The Democratic response
Democrats have amped up efforts to try and compete. In recent weeks, the office of California Gov. Gavin Newsom — a potential 2028 presidential candidate — is taking an antagonistic approach, writing X posts in the style of Trump's tone on Truth Social, mocking his use of all caps, creation of nicknames like "TINY HANDS," and penchant for arguing things are rigged against him and Republicans.
"What a Coward and Beta Cuck. @GavinNewsom is too chicken sh*t to take questions from the press after gives an incoherent speech.
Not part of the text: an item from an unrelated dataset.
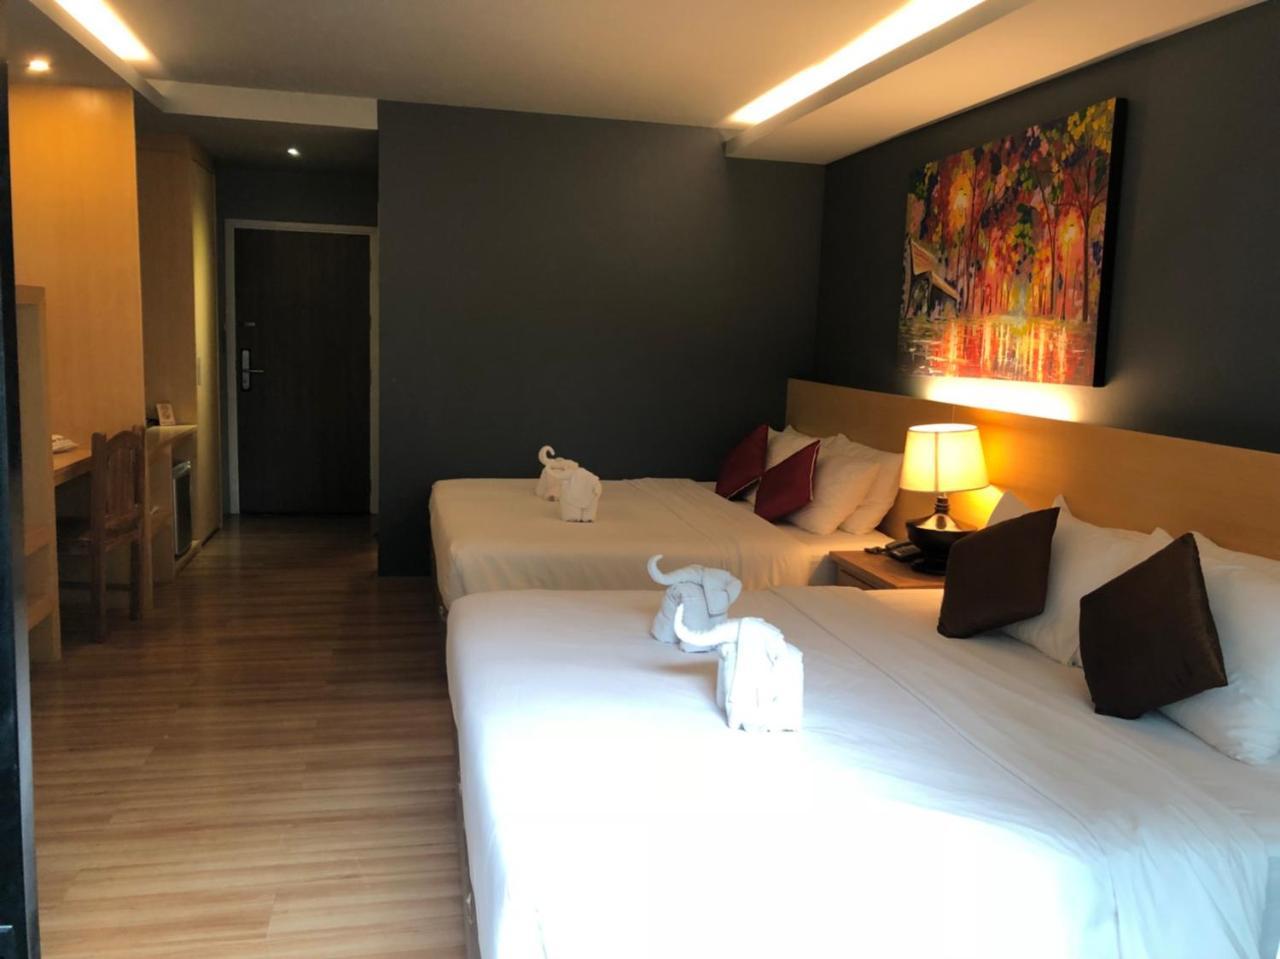 מלון צ'יאנג מאי Le Naview @Prasingh מראה חיצוני תמונה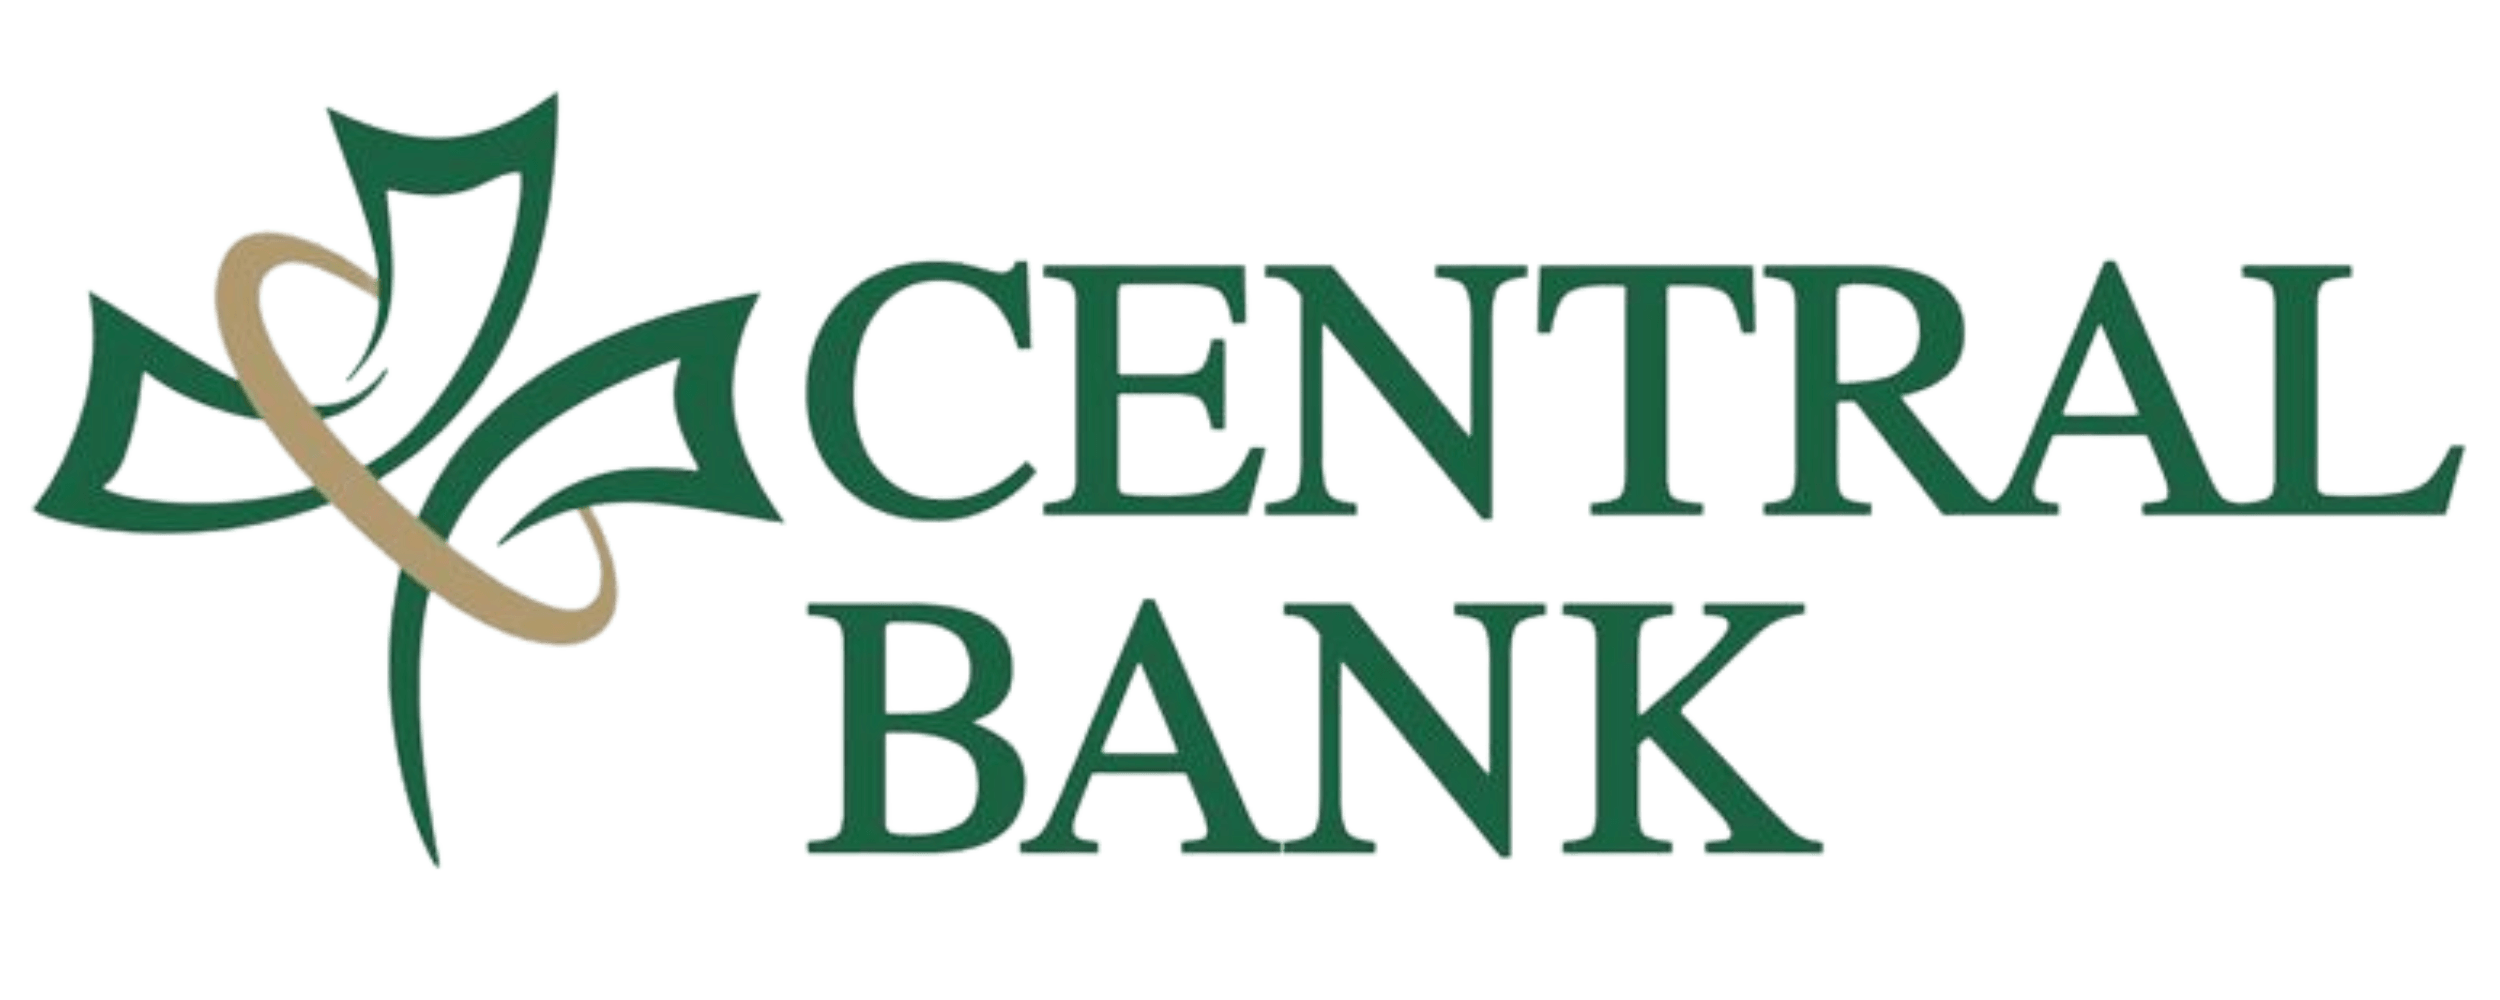 Central Bank logo (transparent)

He'll never be ready for prime time," White House communications director Steven Cheung posted from his X account, which will eventually become part of an official archive along with the White House accounts.
Newsom publicly said last week that while he was "pleased" that the account had garnered attention, "I think the deeper question is how have we allowed the normalization of his tweets and Truth Social posts over the course of the last many years to go without similar scrutiny and notice."
Newsom's office said that the @GovPressOffice account has surged in followers and impressions since adopting the latest strategy, gaining more than 250,000 followers and more than 225 million impressions since the start of August.
White House spokesperson Abigail Jackson said in a statement that she wasn't surprised that Newsom would "mimic" the president's "wildly successful communication strategy."
"Imitation is the sincerest form of flattery, but Gavin's behavior is just getting creepy at this point," she added.
A source familiar with Biden's social media operation noted that while officials in his administration took the accounts' function as a source of public information seriously, they would still fight back against Republicans when they felt they were "taking unfair criticism."
"It's not very flashy, but it's a government account, and its purpose is to inform Americans, regardless if they liked the president or they didn't like the president," the source said, adding: "The way I view it, it just kind of seems like a campaign account for the president right now. … They don't seem to care at all about reaching anyone besides their base of supporters."
White House officials certainly telegraph that they're not worried about offending people. In early July, staffers on the White House digital team carried a white poster board out to the driveway on the North Lawn, where many media cameras are set up.
"oMg, diD tHe wHiTE hOuSE reALLy PosT tHis?" the poster said, using a mixed-case font that conveys a mocking tone.
"Nowhere in the Constitution does it say we can't post banger memes," the White House accounts posted later that day, with a photograph of the poster.
Cheung added in his own post on X: "A lot of reporters and liberals love to pearl clutch, making being offended part of their entire existence. It's that type of out-of-touch snobbery that makes everyday Americans laugh at them."